Sun Life takes full control of two alternatives managers in $2.4 billion push

Insurer books $236 million hit as asset management arm expands real estate and private credit reach

Sun Life takes full control of two alternatives managers in $2.4 billion push

Sun Life is taking full ownership of two alternative managers that have lifted fee revenue, earnings and AUM since 2021.  

Sun Life Financial Inc. has completed the acquisition of the remaining equity interests in BGO and Crescent Capital Group that it did not already own. 

Before the deal, Sun Life already held majority stakes in both firms.  

According to Sun Life, the insurer paid $1.59bn for the remaining 44 percent interest in BGO and $829m for the remaining 49 percent stake in Crescent.  

The press release said the payments settle the outstanding put liability on Sun Life’s financial statements and were funded through debt issuances in 2025 in anticipation of the transactions.  

The transactions will result in an approximate $236m charge to Sun Life’s Q1 2026 reported net income and a net reduction in equity of $85m as of March 31. 

Reuters also reported that the company said the deals will lead to a roughly $236m charge to first‑quarter reported net income.  

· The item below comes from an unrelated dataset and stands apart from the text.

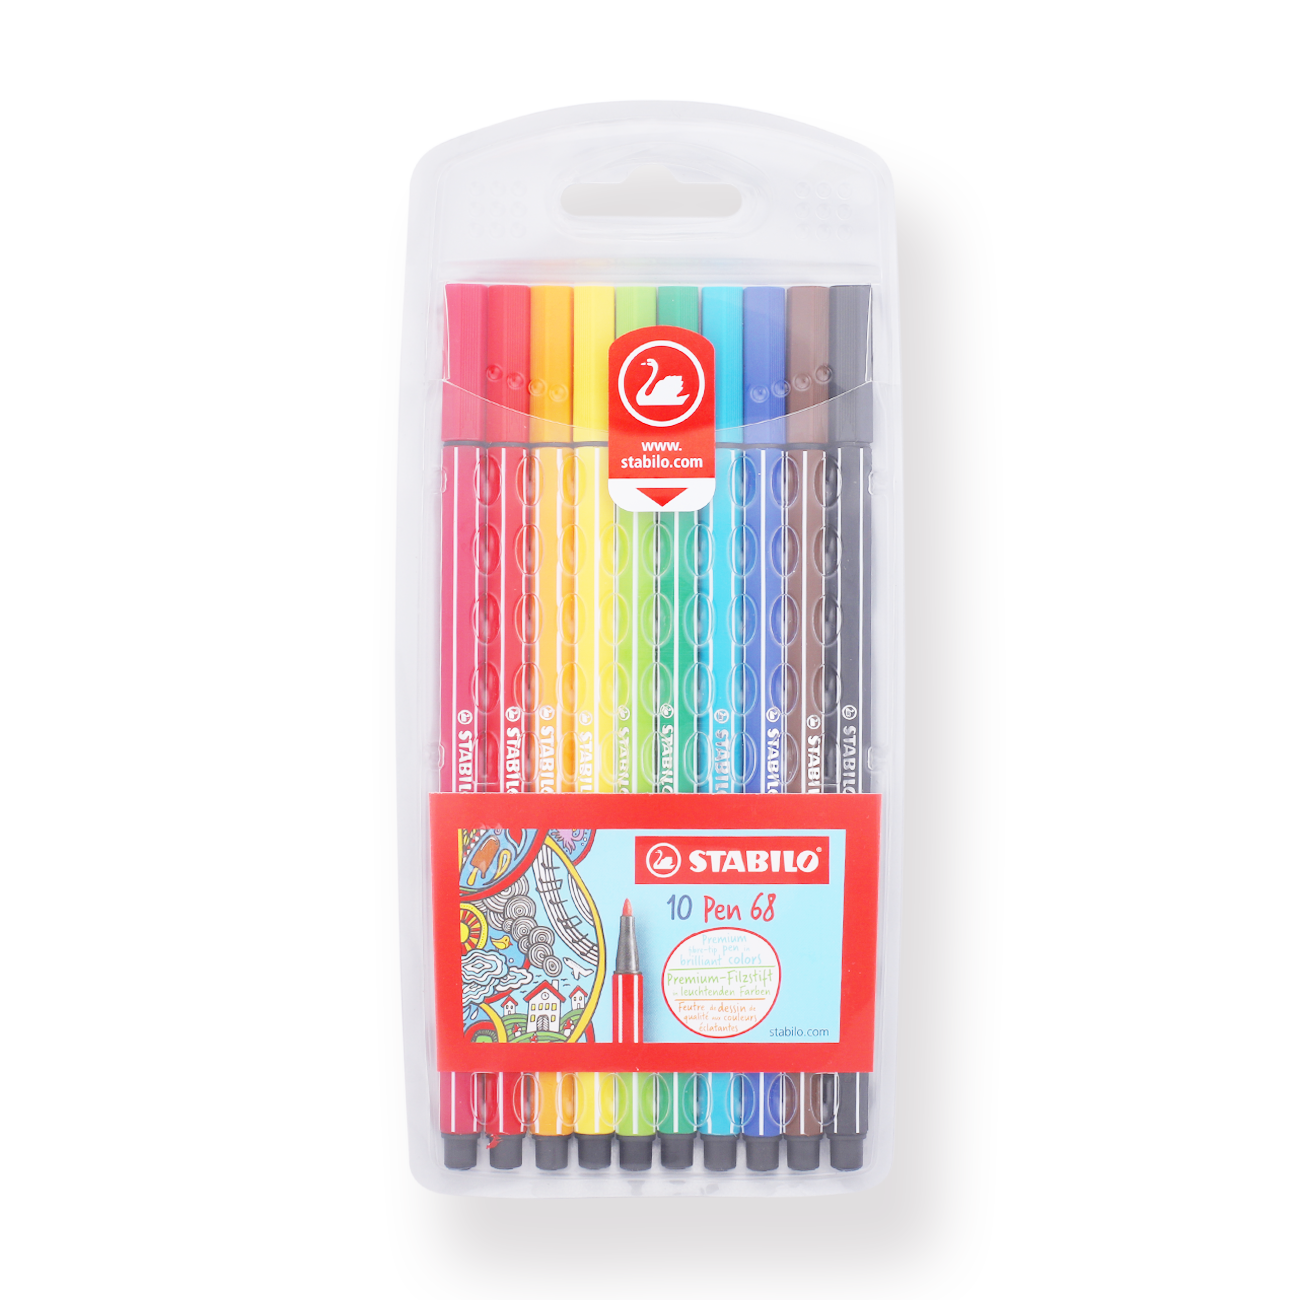 Premium felt-tip pen STABILO Pen 68 - pack of 10 colors

Sun Life said additional shares are expected to be repurchased in connection with the transactions under Toronto Stock Exchange rules for non‑independent plans, and that this will have no impact on earnings per share.  

Between 2021 and 2025, BGO and Crescent generated a combined $4.2bn in fee related revenue, 90 percent growth in EBITDA and growth in assets under management from $115bn to $165bn for Sun Life and SLC Management, according to the press release.  

Sun Life said SLC Management now manages $260bn of third‑party assets for more than 1,400 institutional Clients globally and $165bn of Sun Life’s general account assets, with capabilities across real estate, private credit, private fixed income and infrastructure.  

According to Sun Life, it formed BGO in July 2019 through the merger of Bentall Kennedy with global real estate investment firm GreenOak, contributing its Bentall Kennedy interest valued at $482m and investing $195m in cash to acquire a 56 percent majority stake.  

The insurer acquired a 51 percent stake in Crescent in January 2021 for $450m.  

Reuters reports that Sun Life owned a majority interest in each company before the latest buy‑ups.  

As part of the final purchase and go‑forward operating model, SLC Management introduced a Management Equity Plan that allows eligible employees to collectively own up to 25 percent of the business, according to the press release.  

BGO founders and BGO and Crescent leadership invested into the plan by converting a portion of their existing affiliate equity, alongside contributions from eligible employees across SLC’s platform.  

Sun Life said the plan is designed to align interests, retain top talent and support long‑term growth.  

Steve Peacher, executive chair of SLC Management, said the completion of the BGO and Crescent acquisition “will mark a new era for SLC Management” and forms part of its growth strategy.